[[ Extracted data open ]]
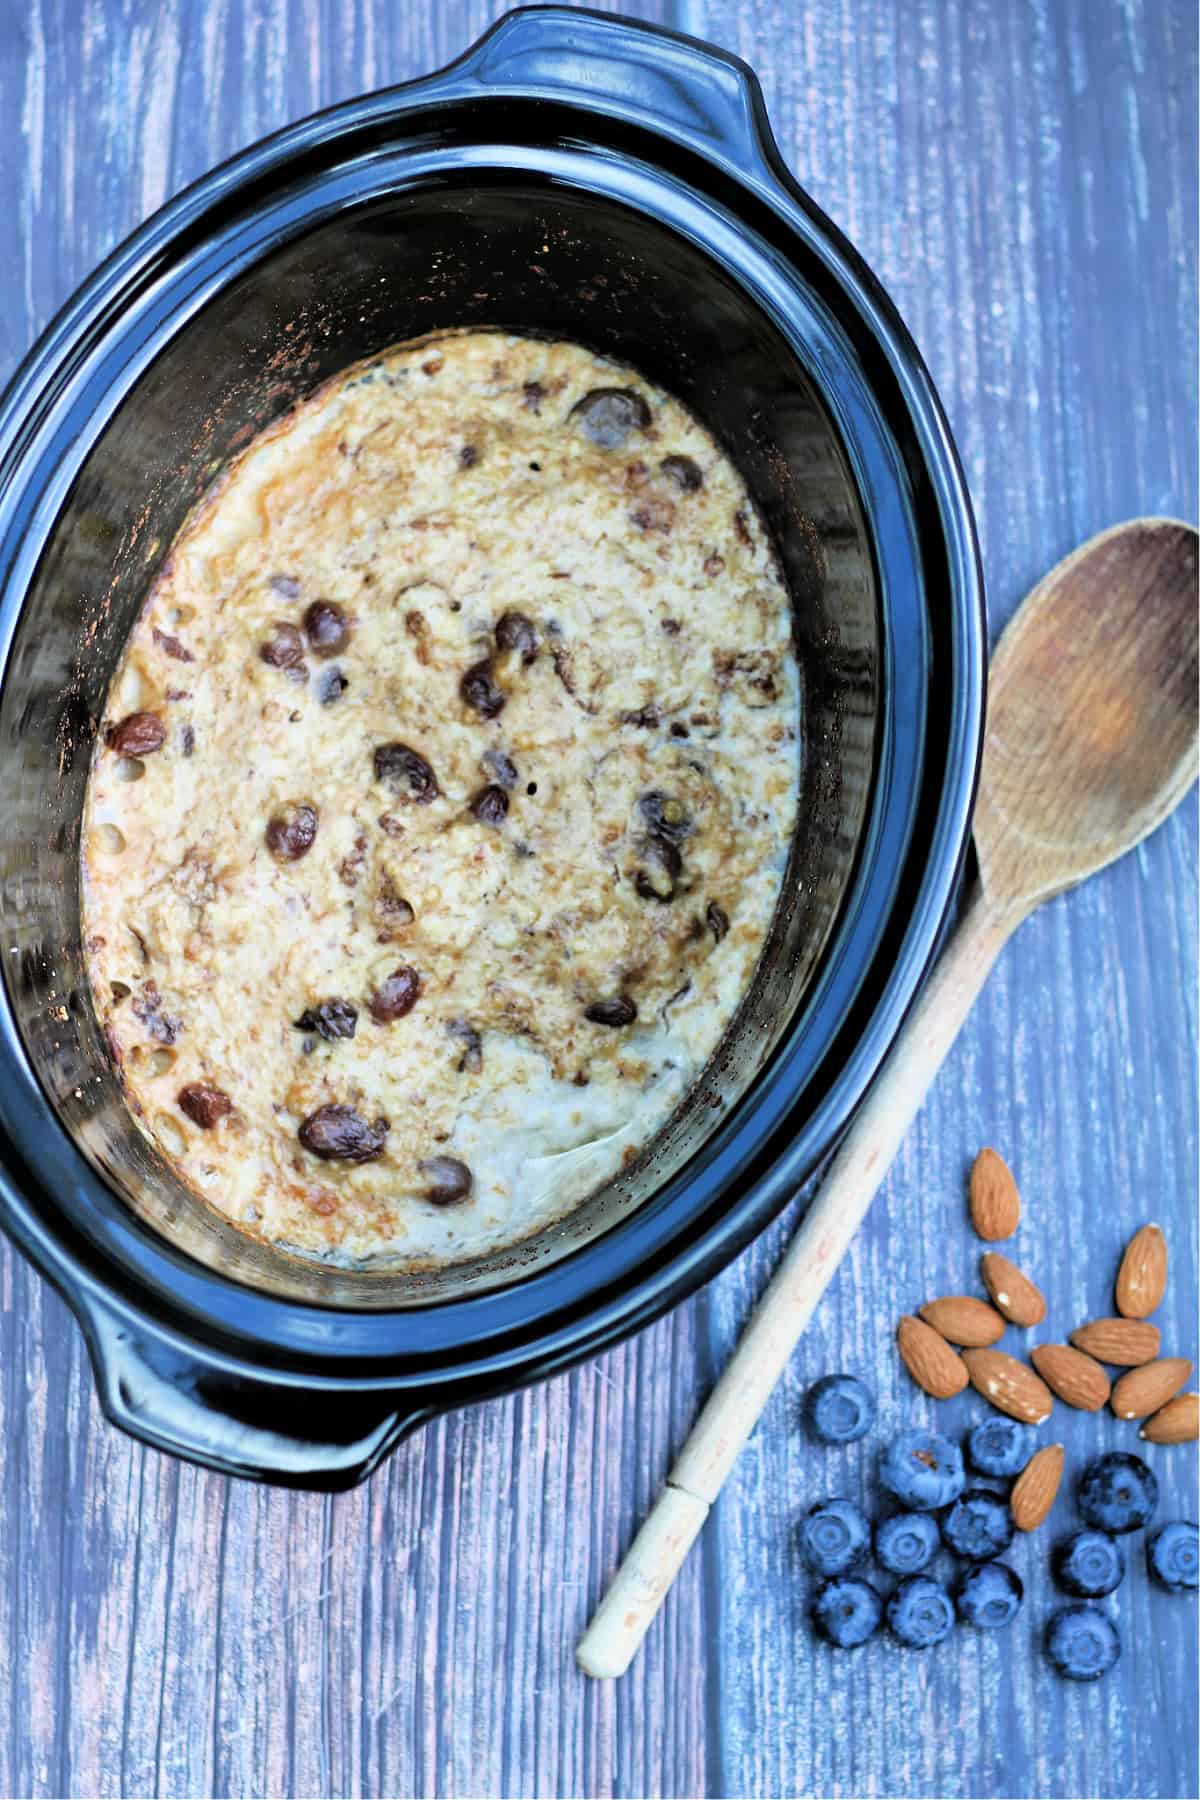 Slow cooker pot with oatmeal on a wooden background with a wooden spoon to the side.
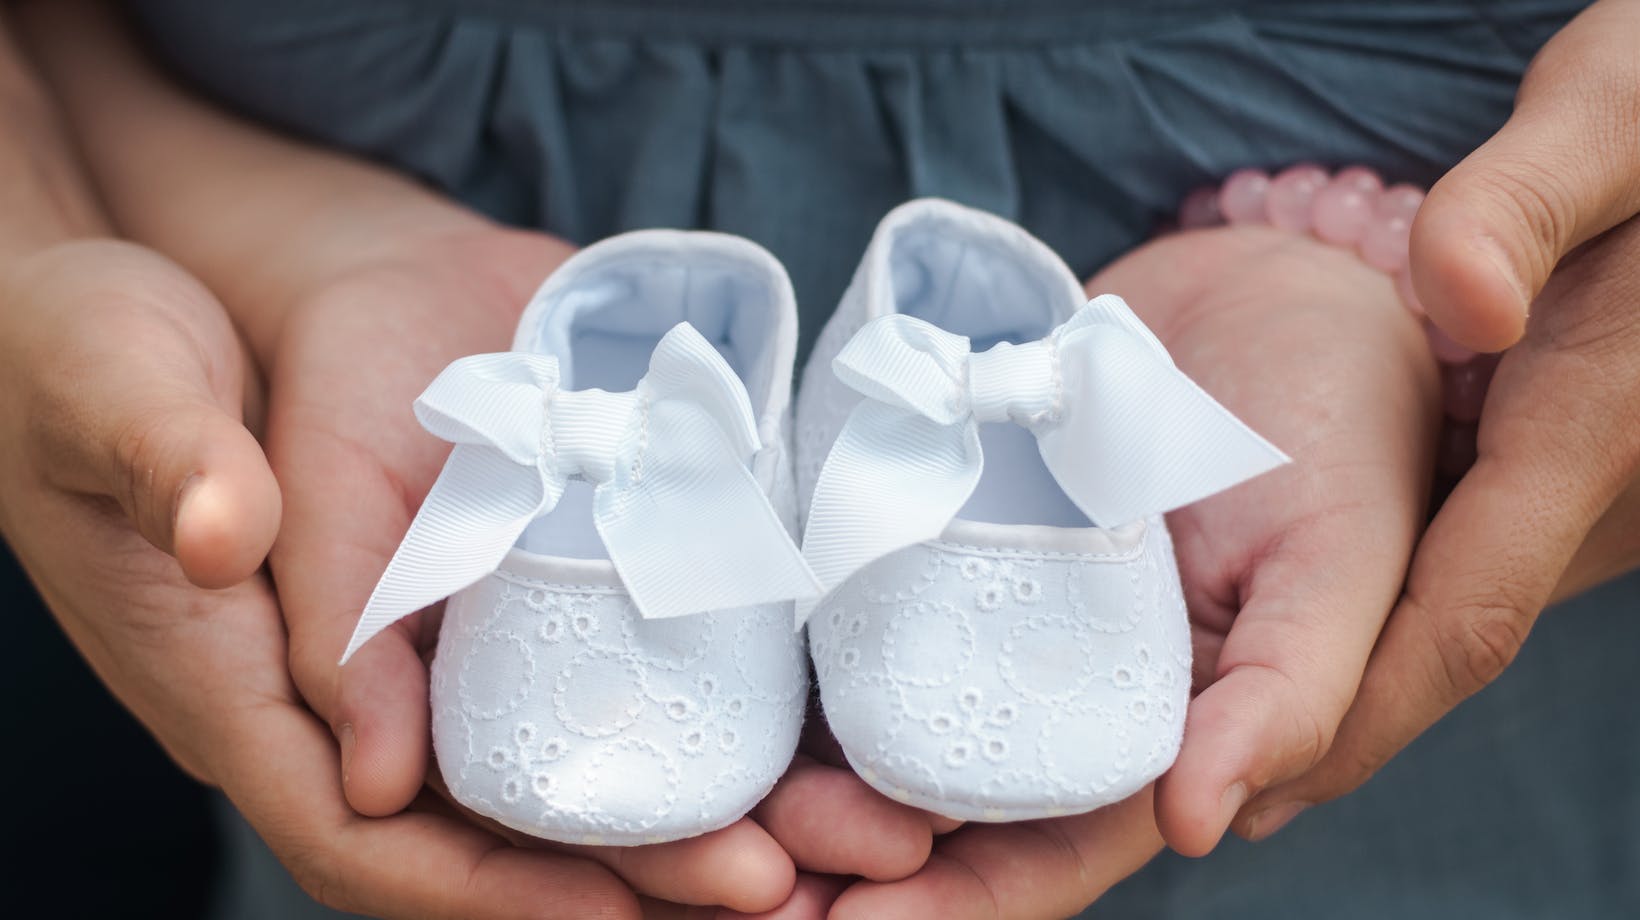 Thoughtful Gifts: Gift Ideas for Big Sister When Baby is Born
[[ Extracted data closed ]]
[[ Extracted data open ]]
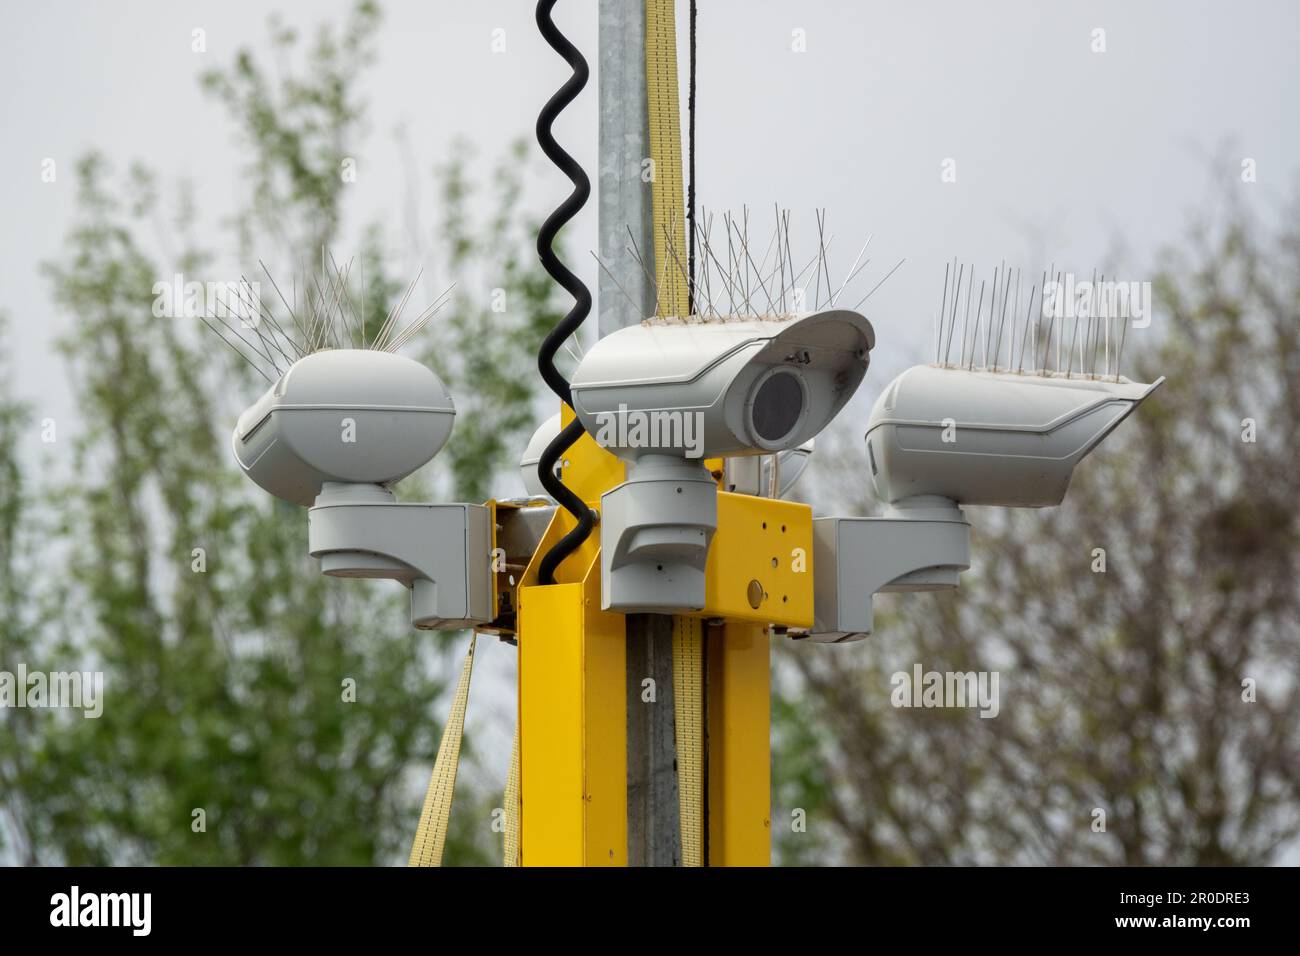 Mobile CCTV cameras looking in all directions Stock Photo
[[ Extracted data closed ]]
[[ Extracted data open ]]
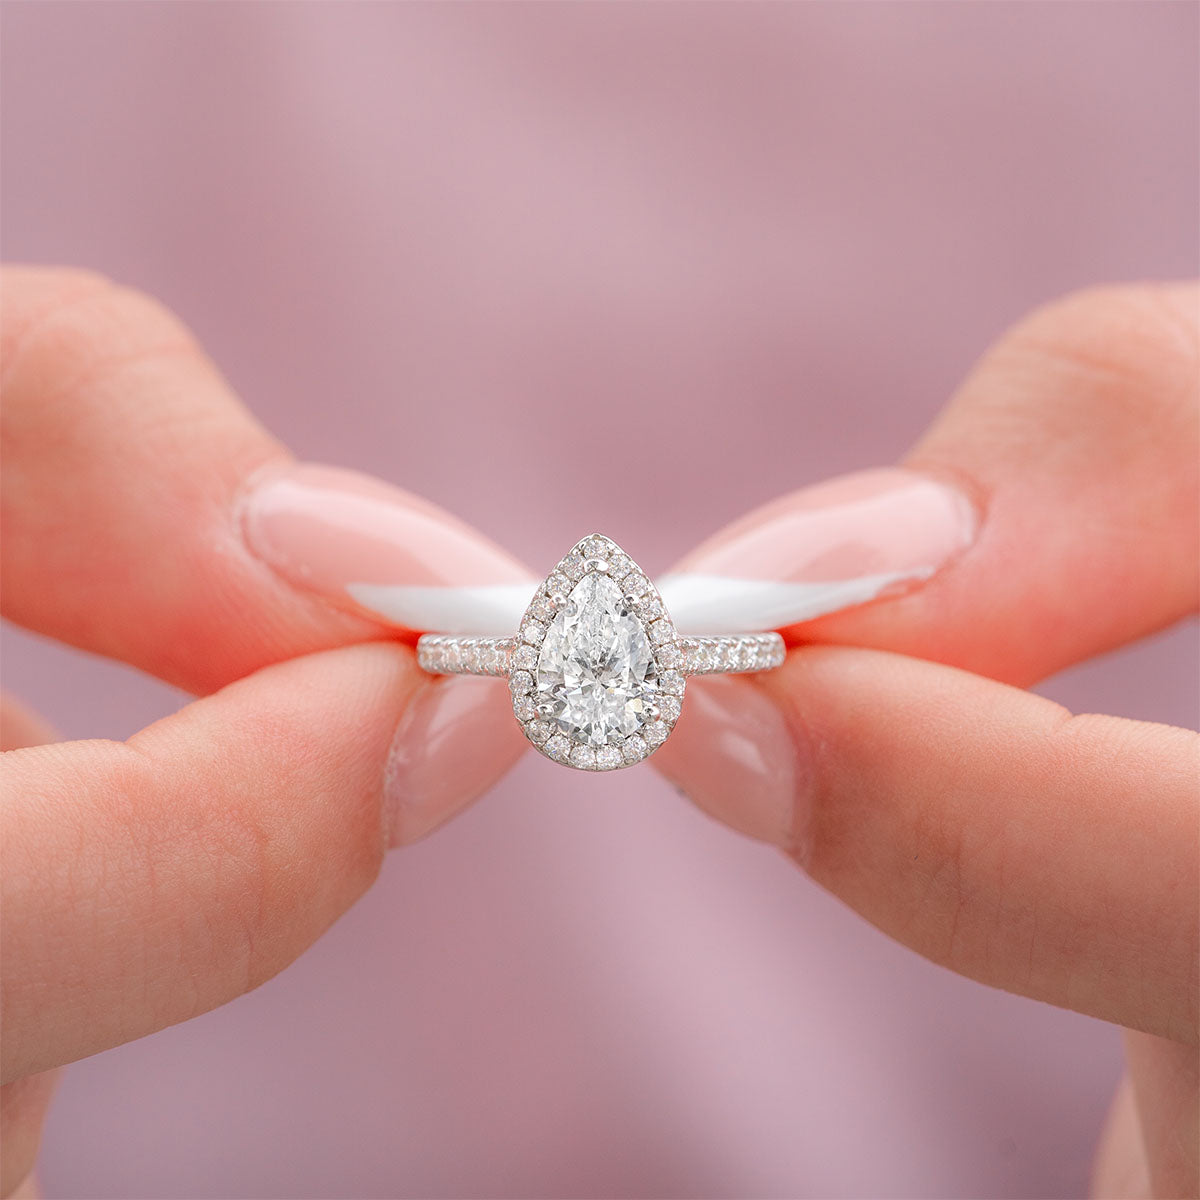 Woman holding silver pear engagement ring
[[ Extracted data closed ]]
### The task
Reproduce the data above exactly, but only from the line containing "Slow cooker pot" through the line containing "Thoughtful Gifts: Gift". Omit all pictures.

### Your solution
 Slow cooker pot with oatmeal on a wooden background with a wooden spoon to the side.
 Thoughtful Gifts: Gift Ideas for Big Sister When Baby is Born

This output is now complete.